## Instructions for the task
For the records below, give the count of lines holding the word "File" and nothing more.

··· Material for this exercise

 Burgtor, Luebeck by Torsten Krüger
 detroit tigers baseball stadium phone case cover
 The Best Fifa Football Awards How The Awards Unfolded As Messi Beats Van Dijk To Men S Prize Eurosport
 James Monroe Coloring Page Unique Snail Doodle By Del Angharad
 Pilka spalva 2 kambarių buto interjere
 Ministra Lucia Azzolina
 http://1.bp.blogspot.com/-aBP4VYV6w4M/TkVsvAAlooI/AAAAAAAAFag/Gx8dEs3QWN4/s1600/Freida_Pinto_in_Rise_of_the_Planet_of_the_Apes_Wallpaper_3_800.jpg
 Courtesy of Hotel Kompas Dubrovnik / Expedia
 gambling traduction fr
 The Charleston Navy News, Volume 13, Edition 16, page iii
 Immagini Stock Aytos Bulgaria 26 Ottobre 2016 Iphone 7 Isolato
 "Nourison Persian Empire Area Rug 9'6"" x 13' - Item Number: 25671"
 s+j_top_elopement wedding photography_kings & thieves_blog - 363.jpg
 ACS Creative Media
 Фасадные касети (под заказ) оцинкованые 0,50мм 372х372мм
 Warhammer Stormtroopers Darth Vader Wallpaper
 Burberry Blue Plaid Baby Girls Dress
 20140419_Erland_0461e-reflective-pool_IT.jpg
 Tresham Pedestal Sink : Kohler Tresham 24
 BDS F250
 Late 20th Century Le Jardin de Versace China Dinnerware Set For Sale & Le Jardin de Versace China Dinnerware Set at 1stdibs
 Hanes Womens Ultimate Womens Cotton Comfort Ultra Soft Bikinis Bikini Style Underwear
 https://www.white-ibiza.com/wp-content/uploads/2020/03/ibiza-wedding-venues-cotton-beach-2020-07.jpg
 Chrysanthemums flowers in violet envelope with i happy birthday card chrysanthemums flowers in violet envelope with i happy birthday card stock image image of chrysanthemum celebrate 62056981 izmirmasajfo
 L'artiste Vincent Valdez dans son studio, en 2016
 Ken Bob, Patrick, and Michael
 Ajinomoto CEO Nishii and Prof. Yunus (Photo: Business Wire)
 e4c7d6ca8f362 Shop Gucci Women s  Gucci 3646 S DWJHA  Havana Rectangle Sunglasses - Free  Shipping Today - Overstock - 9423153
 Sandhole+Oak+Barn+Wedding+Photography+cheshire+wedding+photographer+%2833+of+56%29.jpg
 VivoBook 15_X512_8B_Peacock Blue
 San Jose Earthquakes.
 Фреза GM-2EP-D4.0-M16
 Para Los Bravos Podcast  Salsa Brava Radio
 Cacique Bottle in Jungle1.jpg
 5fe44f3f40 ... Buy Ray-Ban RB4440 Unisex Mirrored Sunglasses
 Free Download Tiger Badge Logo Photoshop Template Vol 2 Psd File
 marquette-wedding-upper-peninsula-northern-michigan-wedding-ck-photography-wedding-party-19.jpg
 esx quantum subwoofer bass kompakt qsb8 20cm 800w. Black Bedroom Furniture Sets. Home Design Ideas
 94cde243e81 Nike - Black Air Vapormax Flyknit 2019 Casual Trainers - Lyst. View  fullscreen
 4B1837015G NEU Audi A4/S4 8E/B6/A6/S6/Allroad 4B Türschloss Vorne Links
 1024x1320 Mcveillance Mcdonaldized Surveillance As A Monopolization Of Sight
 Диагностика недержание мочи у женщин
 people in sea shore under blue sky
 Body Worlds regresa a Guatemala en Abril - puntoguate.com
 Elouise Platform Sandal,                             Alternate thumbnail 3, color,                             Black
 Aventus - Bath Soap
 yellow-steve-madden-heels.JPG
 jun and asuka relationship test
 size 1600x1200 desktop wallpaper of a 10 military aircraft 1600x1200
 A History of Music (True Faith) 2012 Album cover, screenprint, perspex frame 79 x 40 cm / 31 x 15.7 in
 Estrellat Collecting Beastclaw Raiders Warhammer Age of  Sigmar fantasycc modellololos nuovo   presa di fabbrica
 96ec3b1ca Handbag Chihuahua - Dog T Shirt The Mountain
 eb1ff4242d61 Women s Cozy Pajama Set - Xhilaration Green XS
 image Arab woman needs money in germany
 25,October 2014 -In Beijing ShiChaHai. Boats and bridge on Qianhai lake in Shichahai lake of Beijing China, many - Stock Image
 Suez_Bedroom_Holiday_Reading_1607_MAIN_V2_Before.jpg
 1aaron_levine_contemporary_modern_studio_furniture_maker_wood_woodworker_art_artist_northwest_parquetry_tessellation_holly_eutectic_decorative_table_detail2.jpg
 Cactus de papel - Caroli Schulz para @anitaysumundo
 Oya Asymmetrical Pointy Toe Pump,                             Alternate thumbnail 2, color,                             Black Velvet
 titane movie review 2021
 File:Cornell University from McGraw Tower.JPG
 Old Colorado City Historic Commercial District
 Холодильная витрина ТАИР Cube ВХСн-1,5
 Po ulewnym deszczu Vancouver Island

······

## Task output
2